====== TASK INPUT
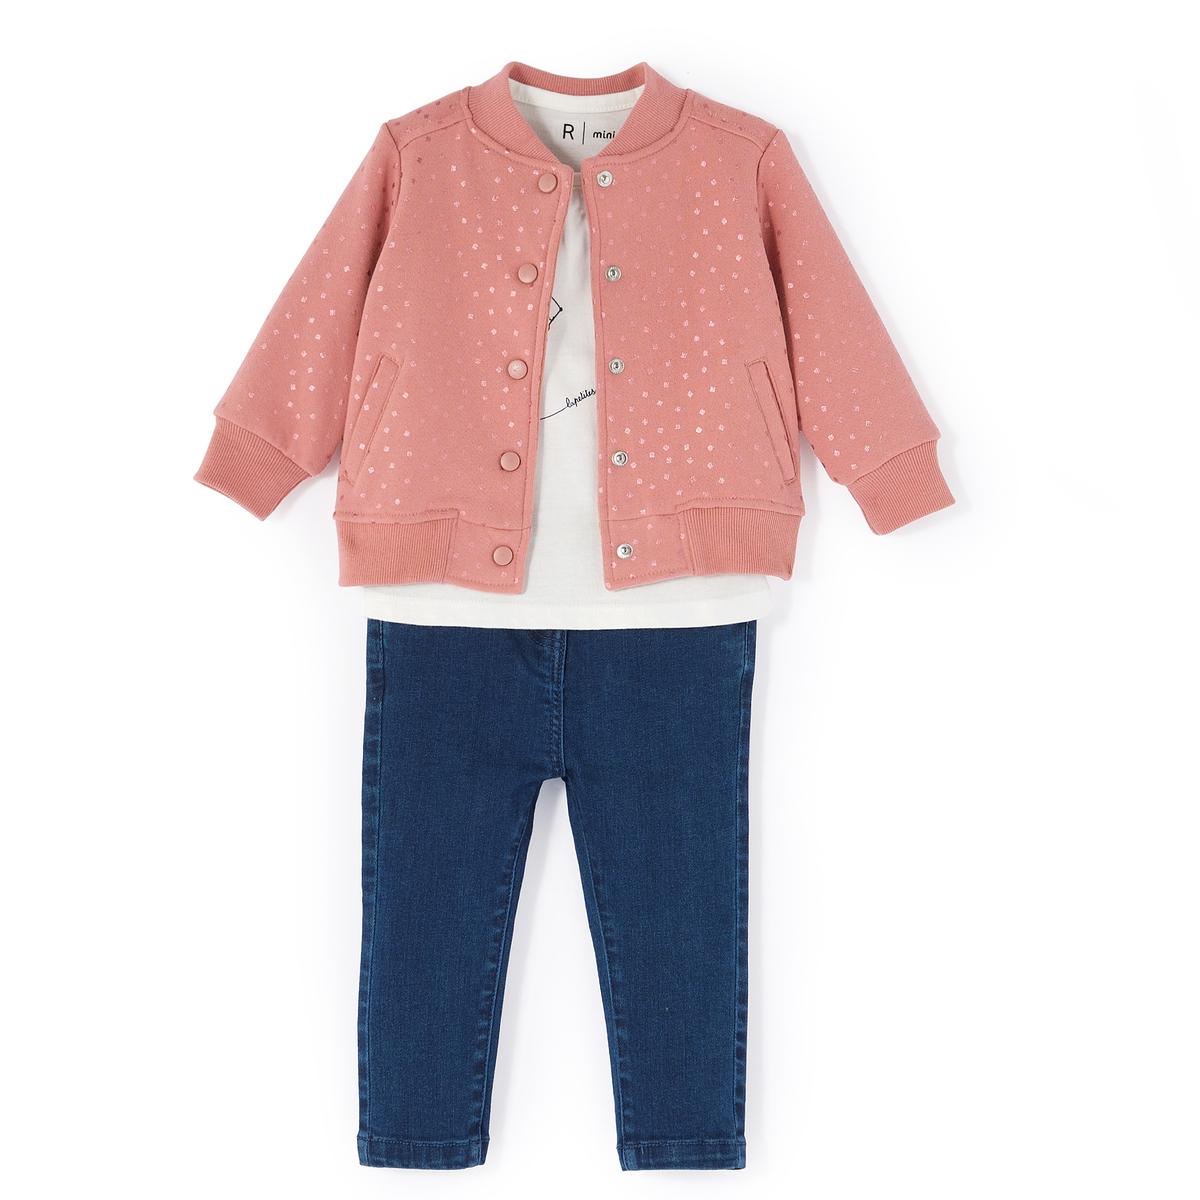 Комплект для младенца из куртки ,футболки и брюк 1 мес.-3 года от La Redoute Collections
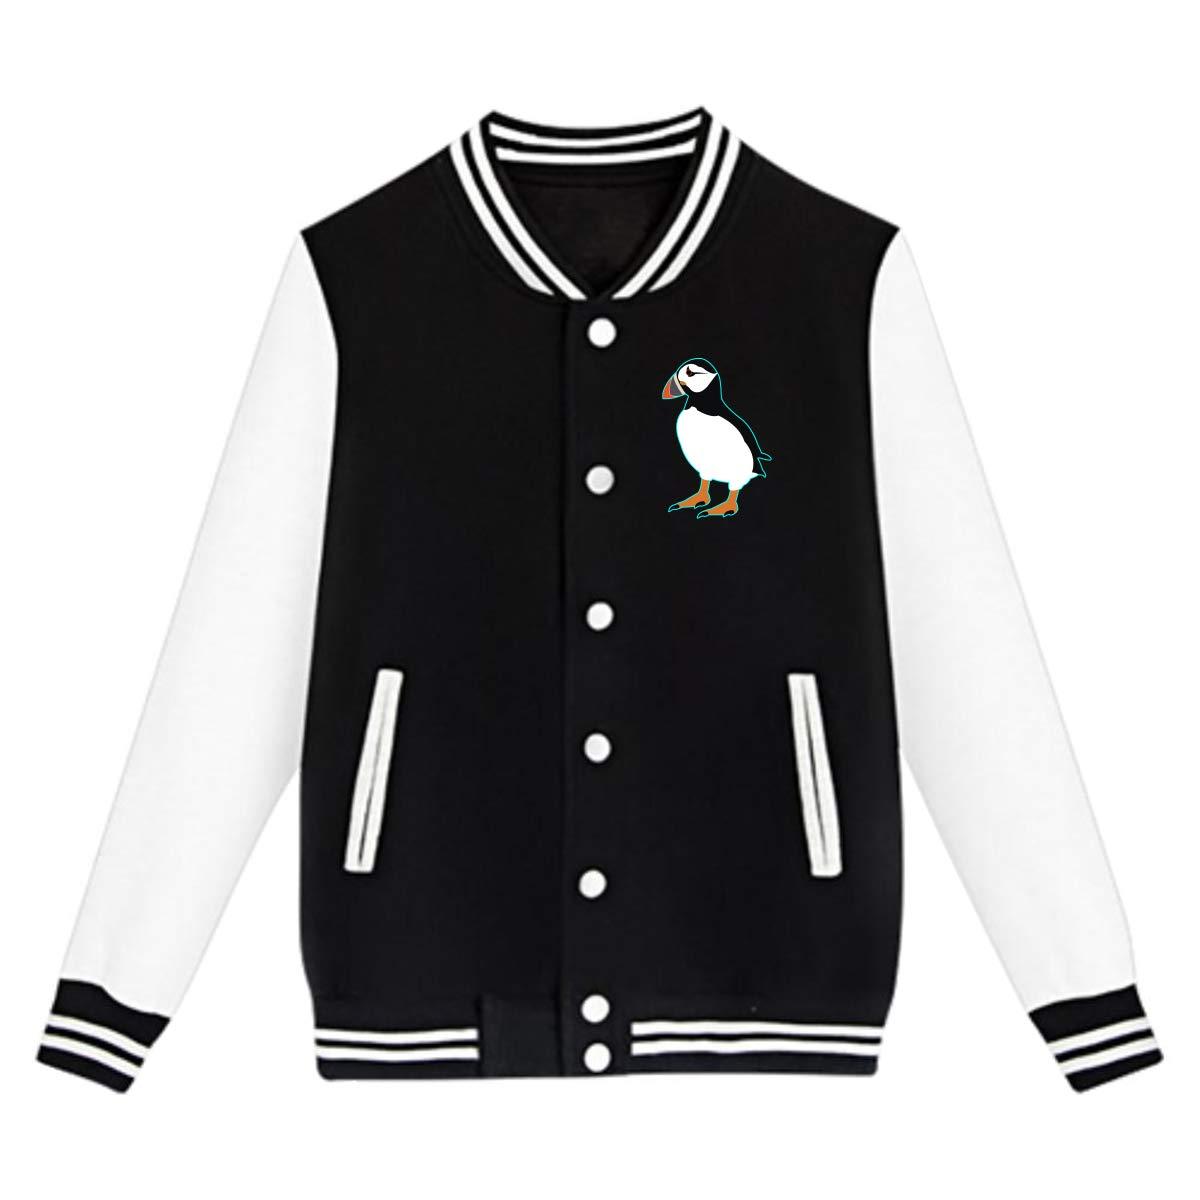 Tina TN Puffin Bird Teens Boys Girl Varsity Baseball Jacket Long Sleeve Sport Baseball Uniform Jacket Coat Sweater Black
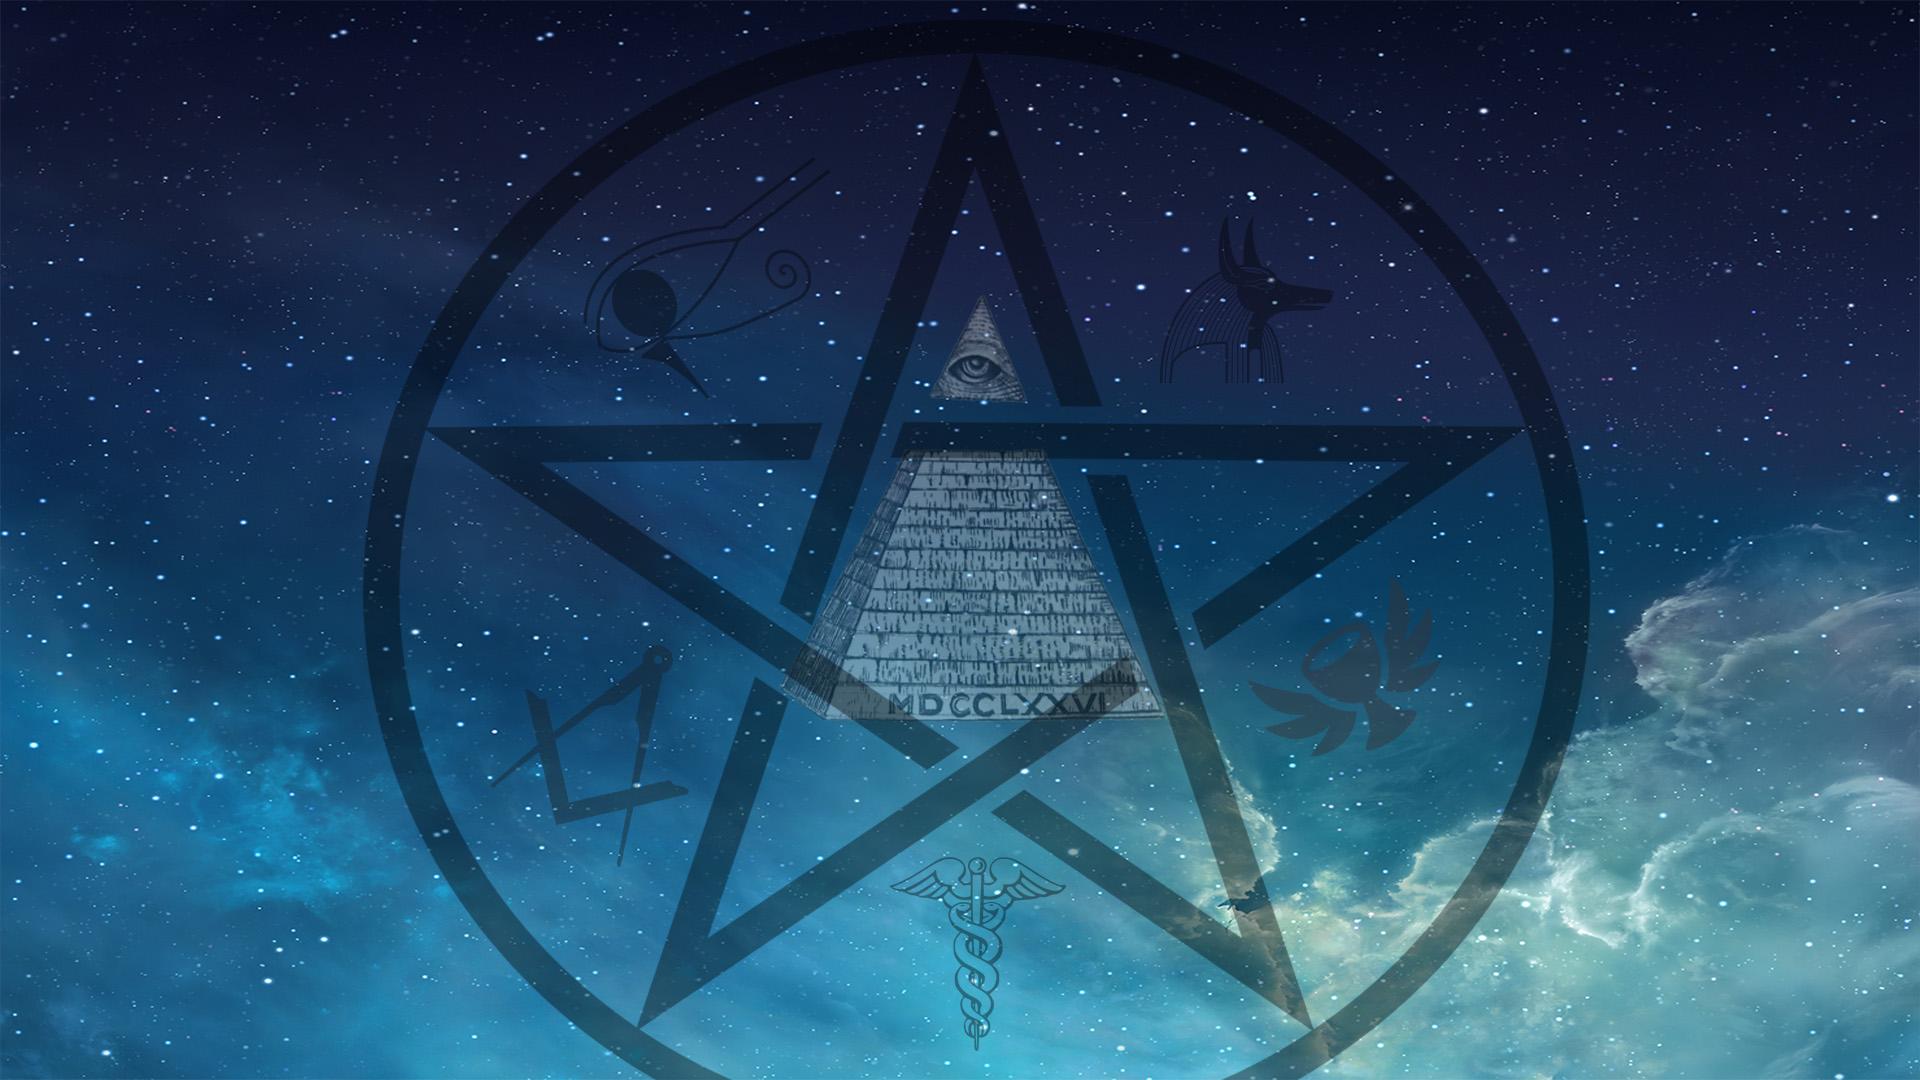 illuminati wallpaper by unkelben by unkelben on deviantart
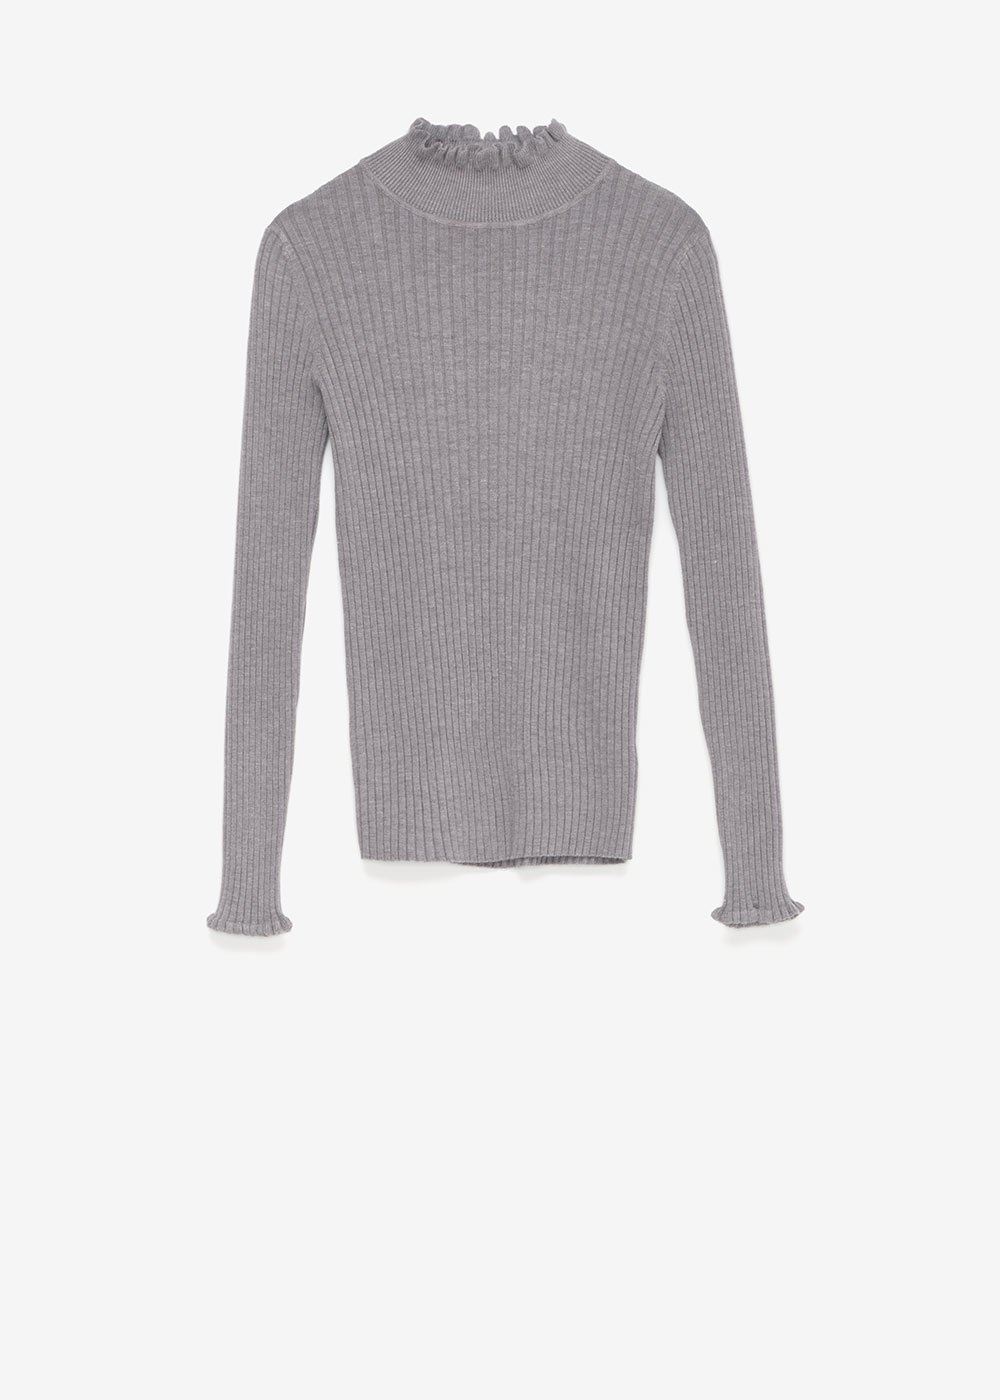 Maris sweater with ruffled neck - Medium Grey - Woman
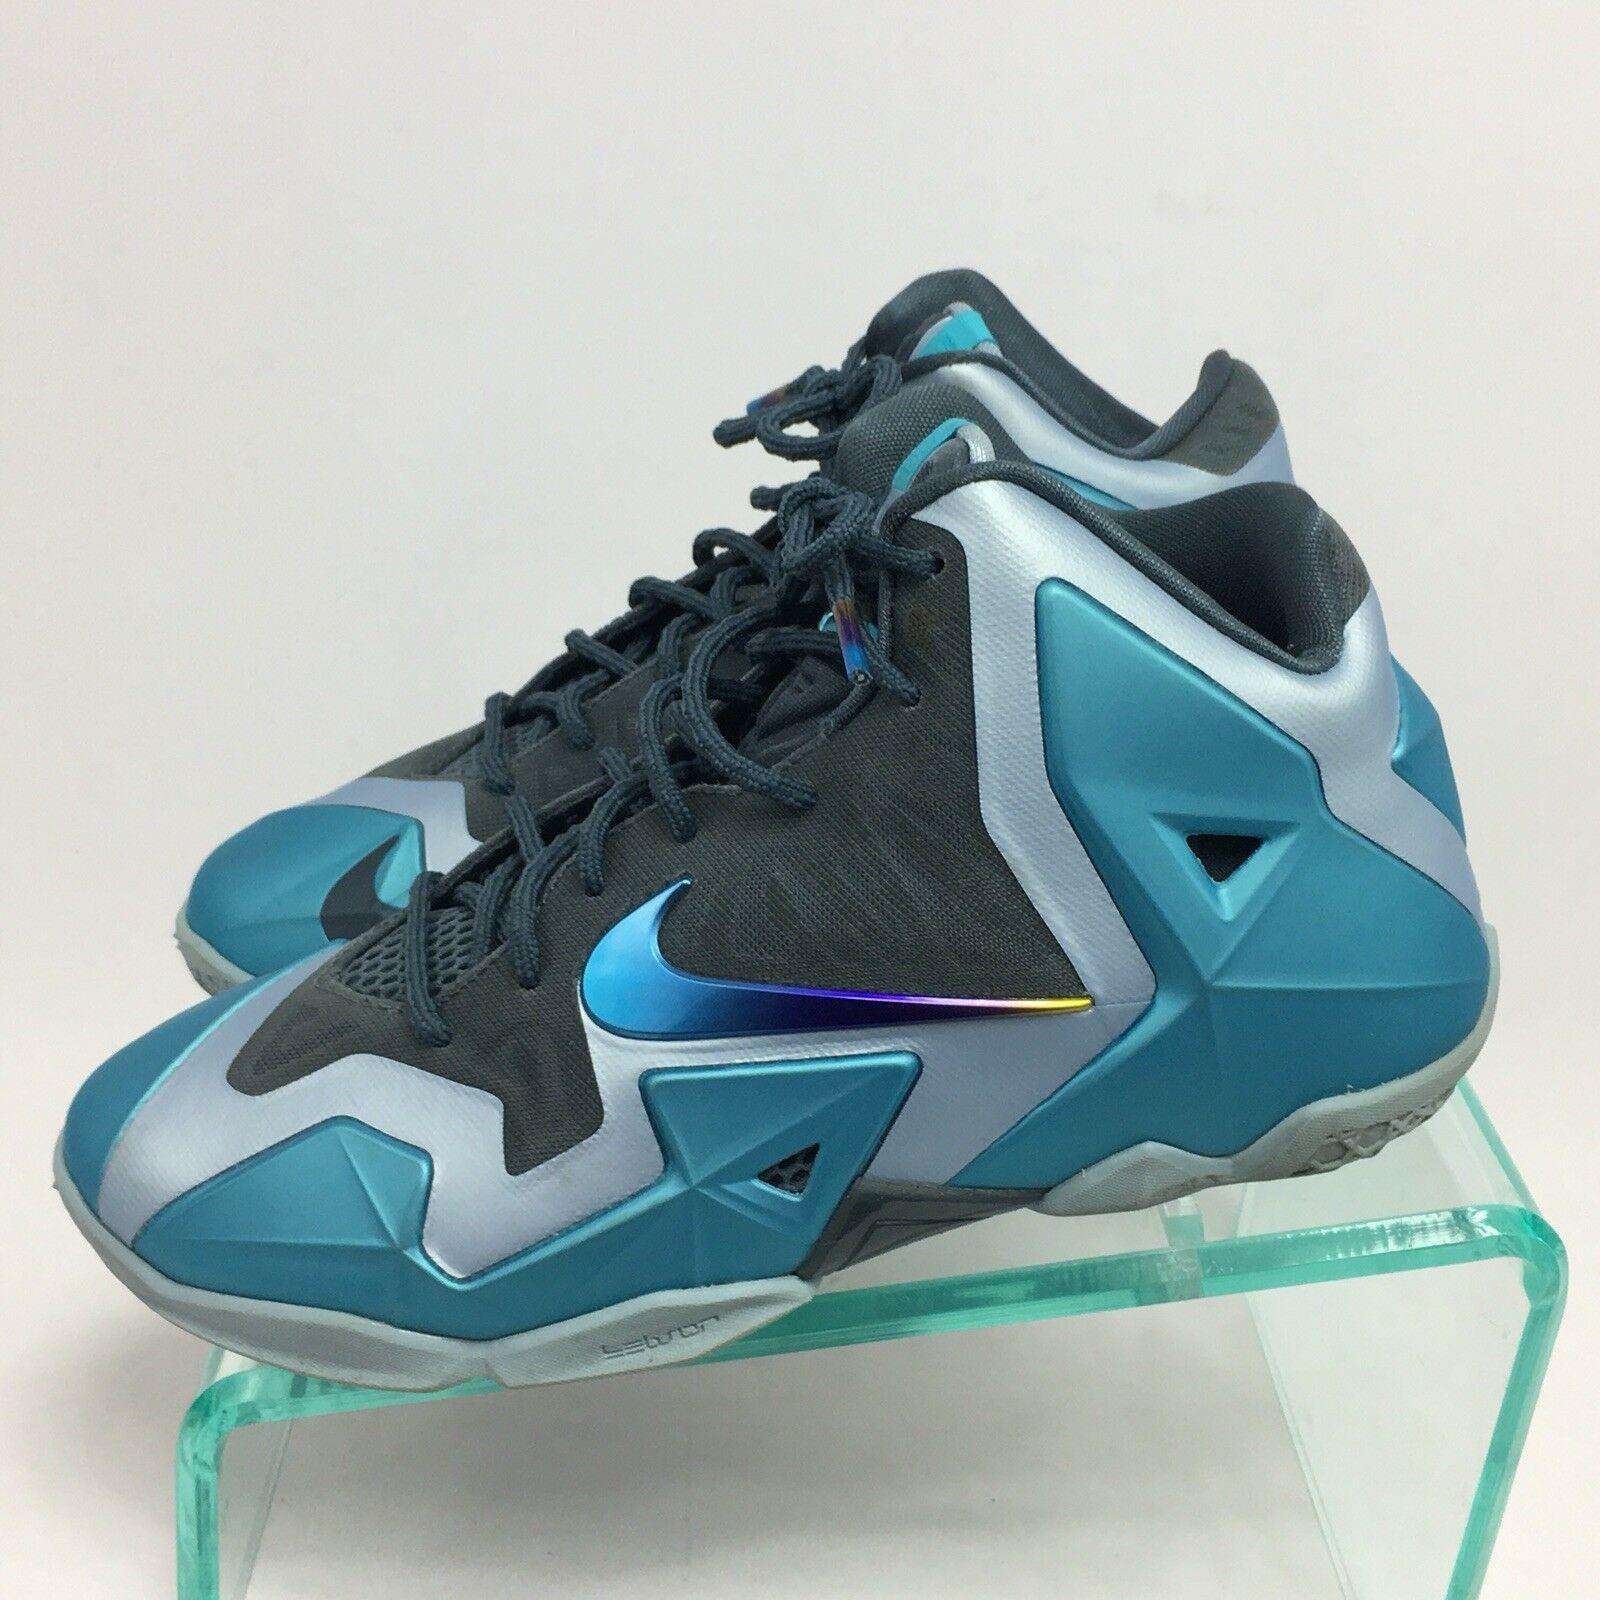 Nike Sneakers Lebron James Armory Slate Gamma Blue 7Y 621712-400 Tennis Shoes
============
• WHAT IS REQUIRED: Your copy must consist solely of the lines from the one containing "Tina TN Puffin" through the final line of the material above, transcribed exactly, with the pictures left out.

• FINISHED TASK:
 Tina TN Puffin Bird Teens Boys Girl Varsity Baseball Jacket Long Sleeve Sport Baseball Uniform Jacket Coat Sweater Black
 illuminati wallpaper by unkelben by unkelben on deviantart
 Maris sweater with ruffled neck - Medium Grey - Woman
 Nike Sneakers Lebron James Armory Slate Gamma Blue 7Y 621712-400 Tennis Shoes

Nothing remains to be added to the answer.